These are the lists within the trivial two-parameter family $(t,u,1/2-t-u,t,u,1/2-t-u)$, so their number is also a tame function of $n$, by the Principle of Inclusion-Exclusion again.
Thus $b_3(n)/n$ is tame.

Next suppose $k=4$.
The number of lists within each family listed in Table~\ref{theeights}, or the reflection of such a family, is (when $n$ is divisible by 6) the number of multiples of $1/n$ strictly between $\alpha$ and $\beta$, where the range for the parameter $t$ is $\alpha<t<\beta$.
This number is $\lceil \beta n \rceil - 1 - \lfloor \alpha n \rfloor$.
Since the table shows that  $\alpha$ and $\beta$ are always multiples of $1/24$, this function of $n$ is expressible as a combination of $n \delta_6(n)$ and a function on multiples of 6 depending only on $n \bmod 24$, and the latter can be written as a combination of $\delta_6(n)$, $\delta_{12}(n)$, $\delta_{24}(n)$, and $\delta_{24}(n-6)$, so it is tame.
Mathematica shows that when two of these families are not the same, they intersect in at most a single list of denominator among 6, 12, 18, and 24.
So these and the exceptions of Proposition~\ref{configurations} can be counted by a tame function.
Thus, again by the Principle of Inclusion-Exclusion, $b_4(n)/n$ is tame.

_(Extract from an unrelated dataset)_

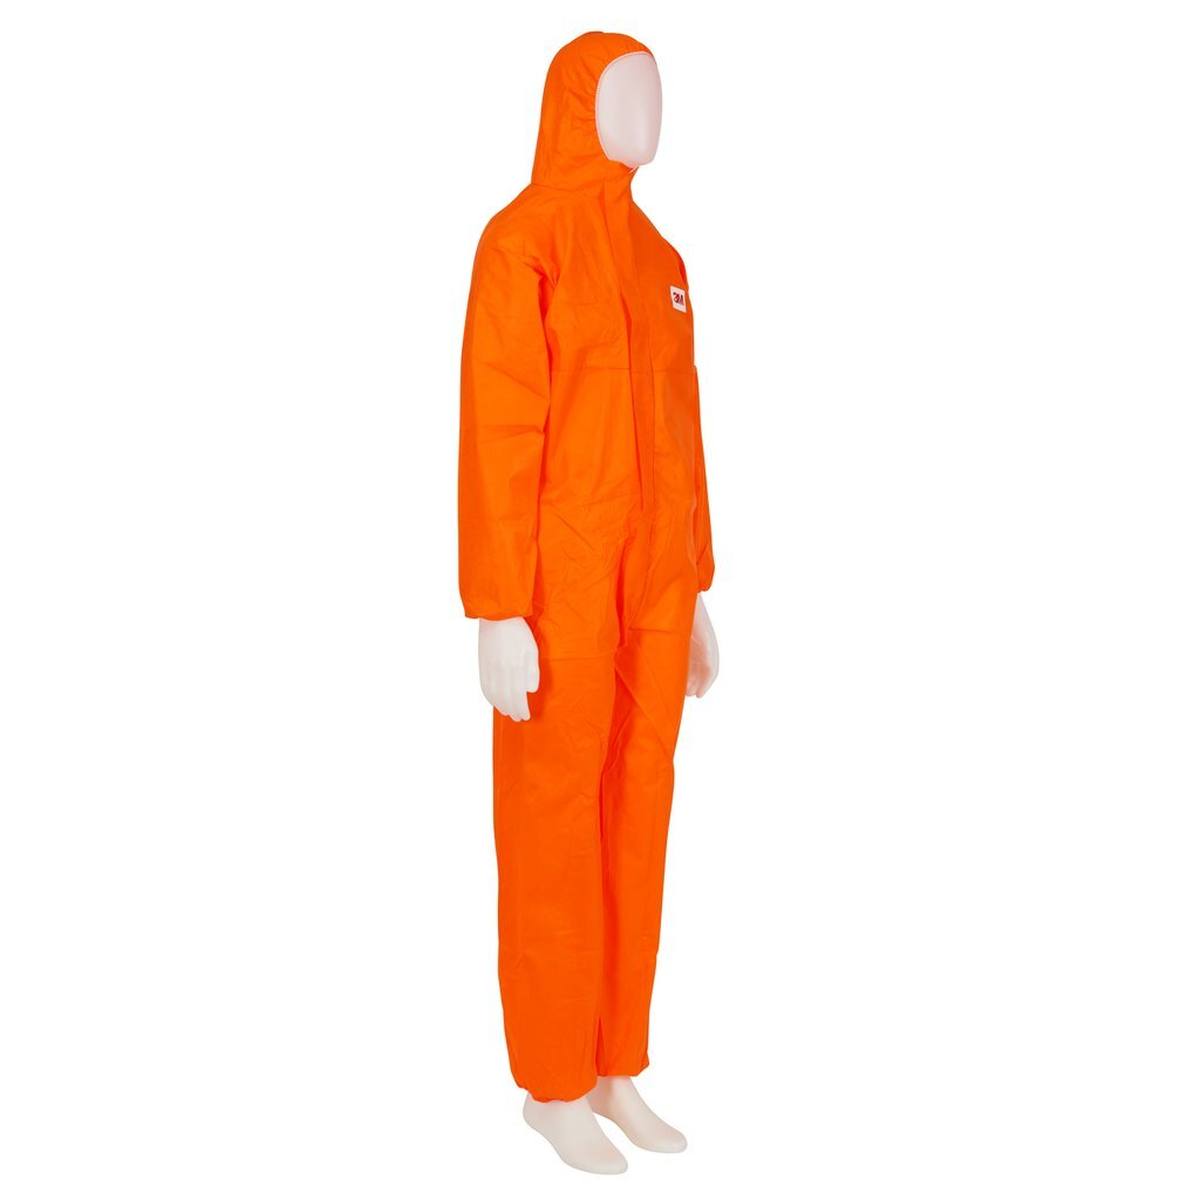 3M 4515O Protective suit, orange, TYPE 5/6, size XL, material SMMS low-lint, elasticated cuffs

The proof for $k=5$ is identical to that of $k=4$, using Table~\ref{thetens} instead of Table~\ref{theeights}, and using another Mathematica computation which shows that the intersections of two one-parameter families of lists consist of at most a single list of denominator 24.

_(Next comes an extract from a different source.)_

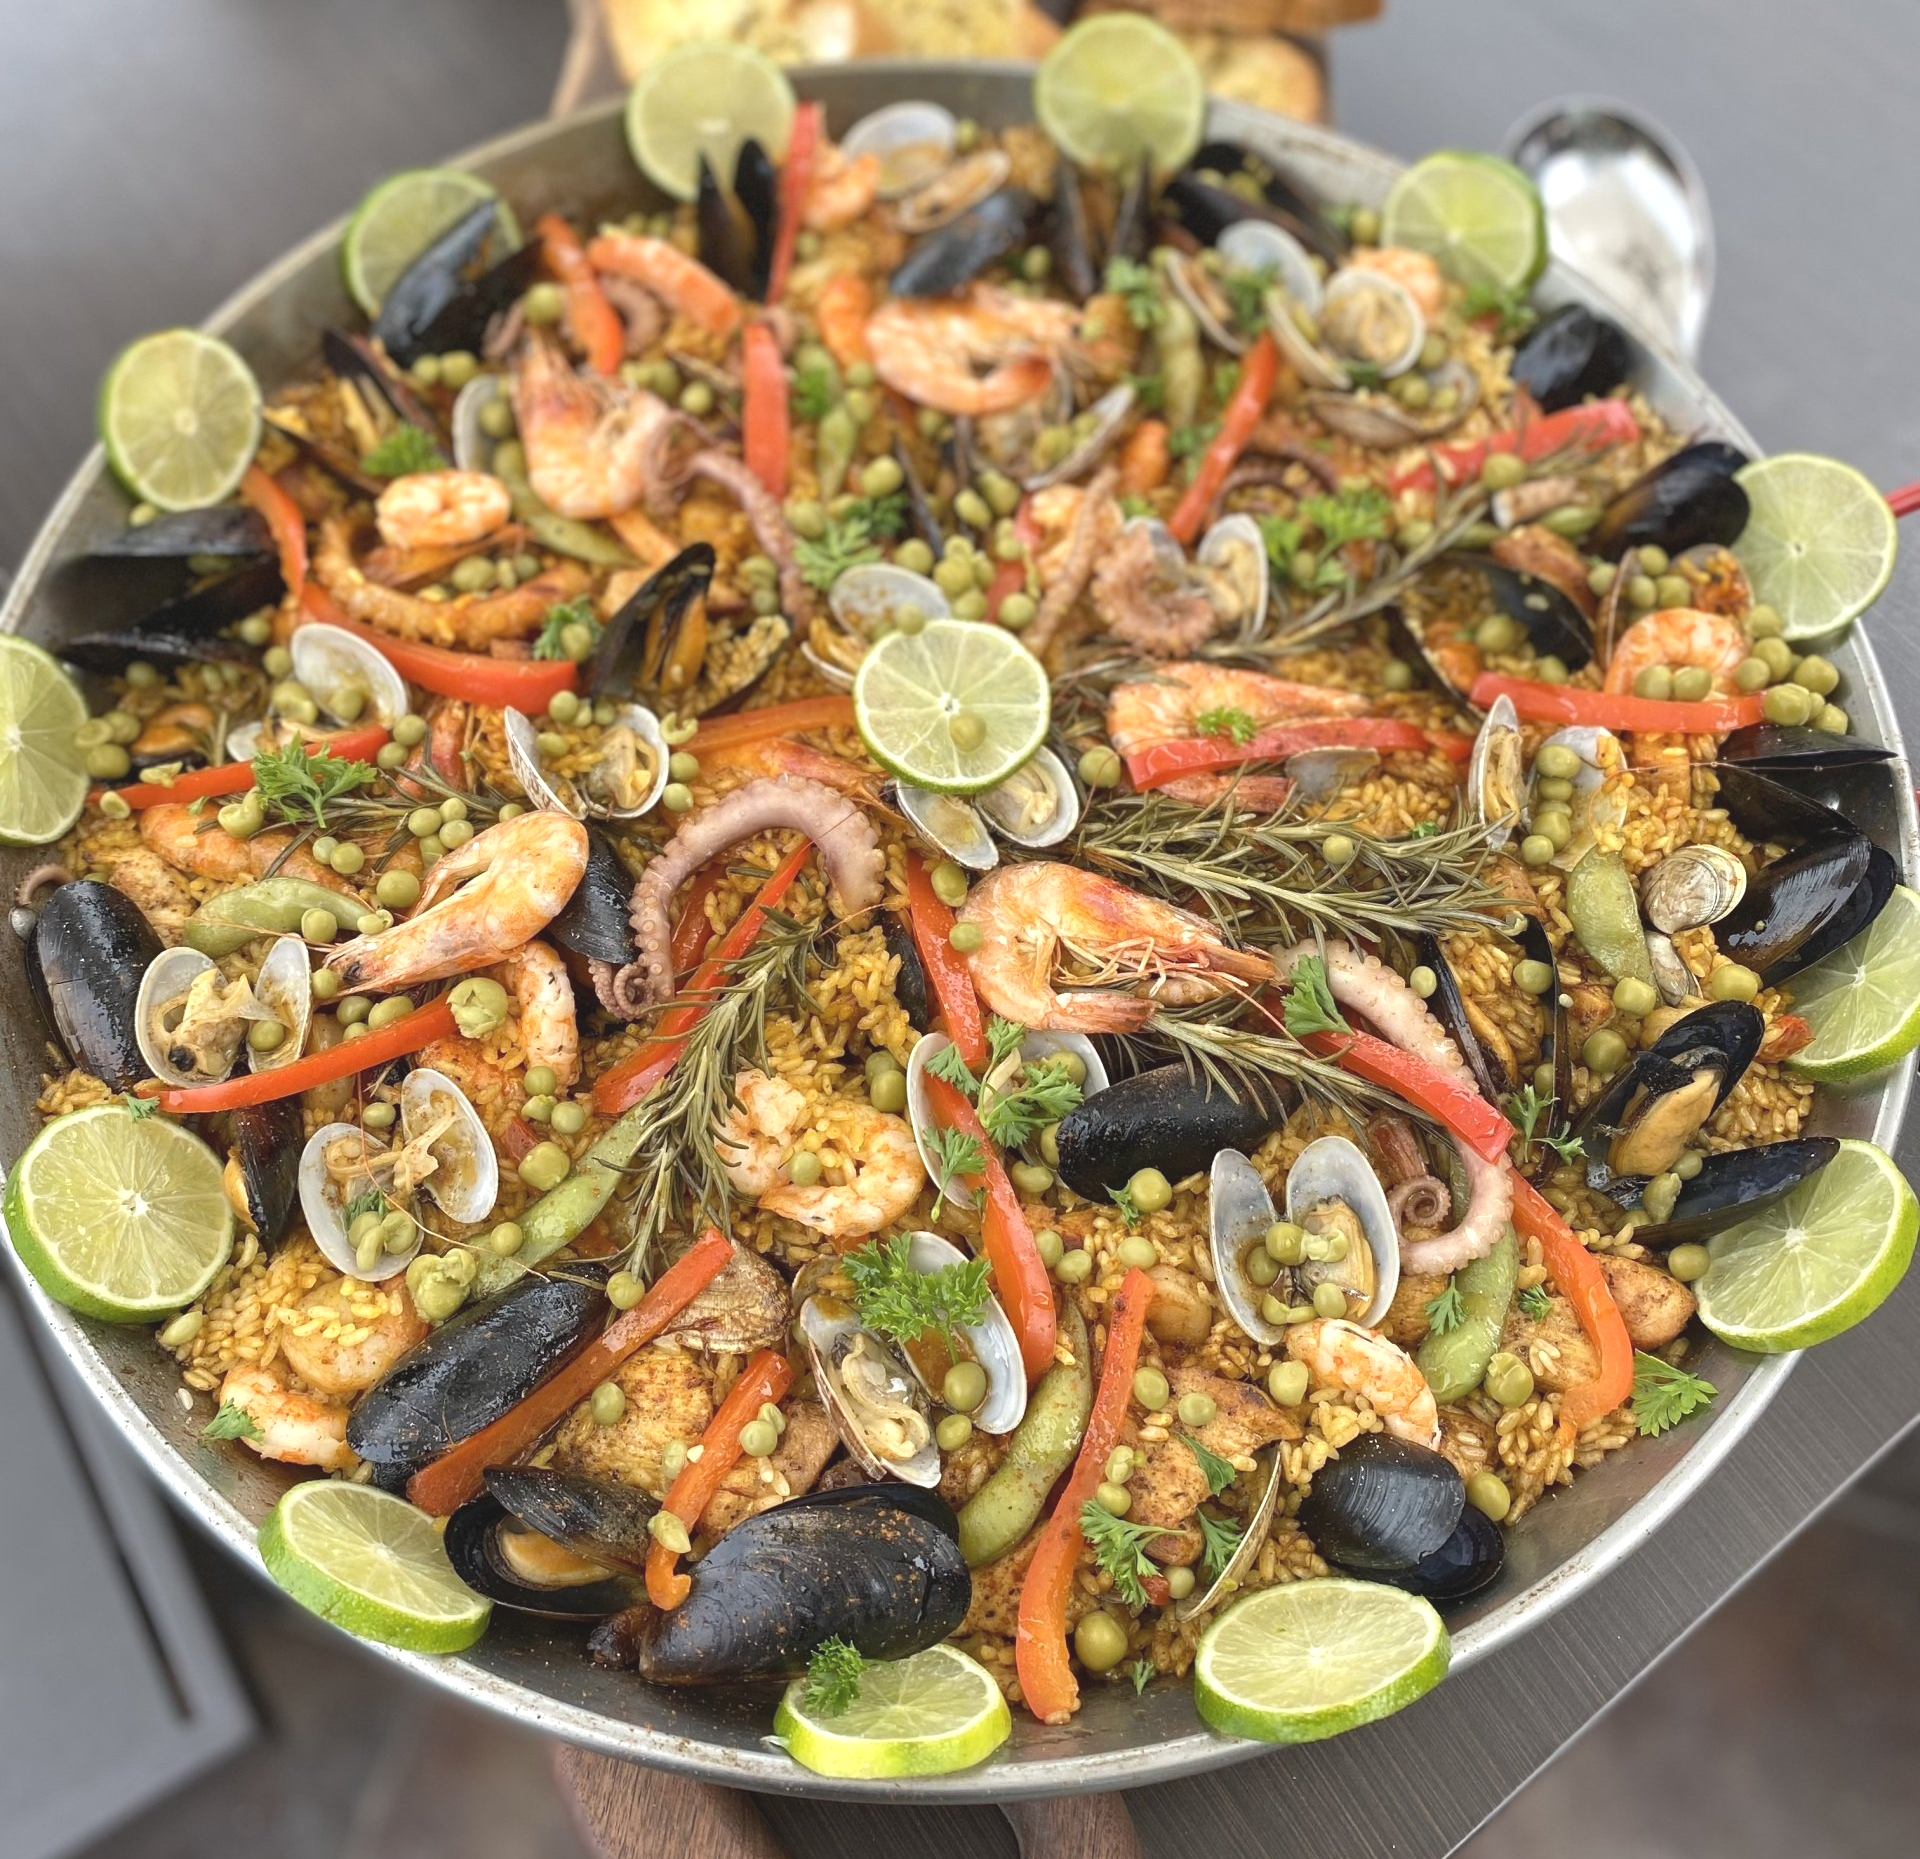 Enjoy Paella & Appetizers For Your Next Catered Event in Columbia, MO

The proof for $k \ge 6$ is even simpler, because then there are only the exceptional lists.
By Proposition~\ref{configurations}, $b_k(n)/n$ is a linear combination of $\delta_m(n)$ where $m$ ranges over the possible denominators of exceptional lists listed in the proposition, so it is tame.
\end{pf}

\begin{lemma}
\label{determined}
A tame function is determined by its values at $n=3$, 4, 5, 6, 7, 8, 9, 10, 12, 18, 24, 30, 36, 42, 48, 54, 60, 66, 72, 84, 90, 96, 120, 168, 180, 210, and 420.
\end{lemma}

\begin{pf}
By linearity, it suffices to show that if a tame function $f$ is zero at those values, then $f$ the zero linear combination of the functions in the definition of a tame function.
The vanishing at $n=3$, 5, 7, and 9 forces the coefficients of $n^3$, $n^2$, $n$, and $1$ to vanish, by Lagrange interpolation.
Then comparing the values at $n=4$ and $n=10$ shows that the coefficient of $\delta_4(n)$ is zero.
The vanishing at $n=4$, 8, and 10 forces the coefficients of $n^2 \delta_2(n)$, $n \delta_2(n)$, and $\delta_2(n)$ to vanish.
Comparing the values at $n=6$ and $n=54$ shows that the coefficient of $n \delta_6$ is zero.
Comparing the values at $n=6$ and $n=66$ shows that the coefficient of $\delta_24(n-6)$ is zero.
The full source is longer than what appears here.